Maintain: Any filing system is only as good as your willingness to maintain it. Be diligent about it, and put a reminder in your calendar to prompt you to sort, purge and categorize on a daily basis.
To organize your computer, follow the same steps as with paper: sort, purge and categorize. With your computer's file management system it's easy to create folders and subfolders for keeping track of documents. (You can even create sub-sub-subfolders, if you like. In computer lingo, creating folders within folders is sometimes termed "nesting.") Typically, creating a new folder is simply a matter of selecting "File" on your menu bar; under the File-menu select "New"; then select "Folder." A new (untitled) folder should appear on your desktop.

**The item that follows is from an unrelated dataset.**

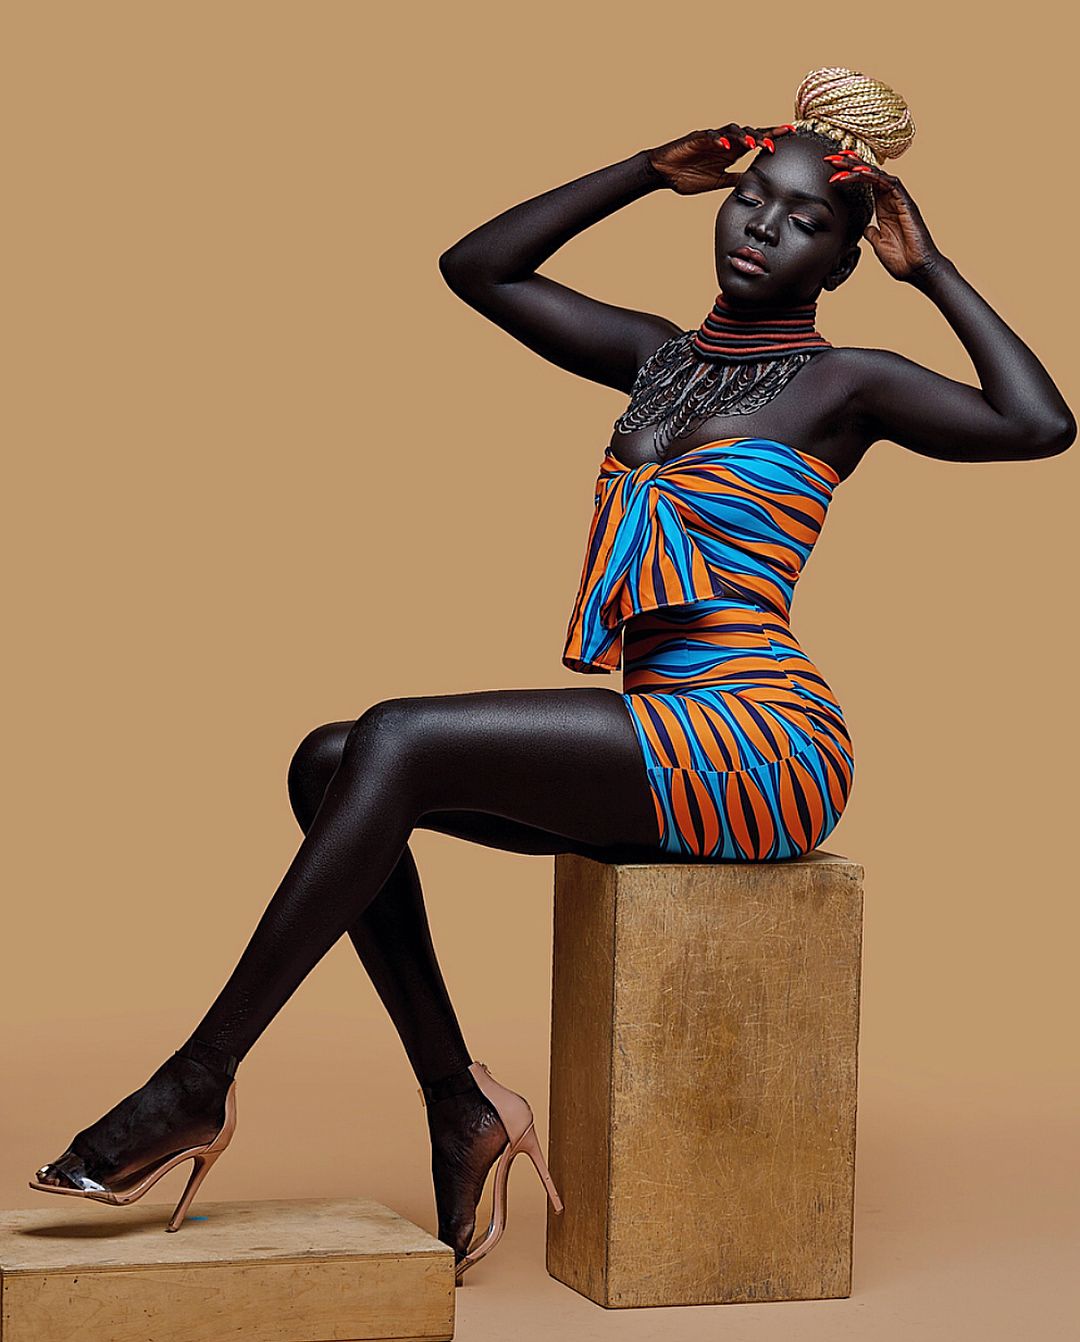 Nyakim gatwechãããinstagramãåçããããããgoddesses at its finest peak melaninmondayð if you want this two pieceâ black beauties afro punk fashion mursi tribe woman

Give it an appropriate name, and determine where you want to store it on your hard drive. Just as in your paper-filing system, broad categories will be represented with digital file-folders, and those will contain subdirectories that are analogous to the subcategory files.
One effective concept for staying organized in your home office is the "On-In-and-Around" technique. In terms of paperwork, things you work on daily should be ON your desk. Things you work on weekly should be IN your desk. Things you work on monthly should be AROUND your desk.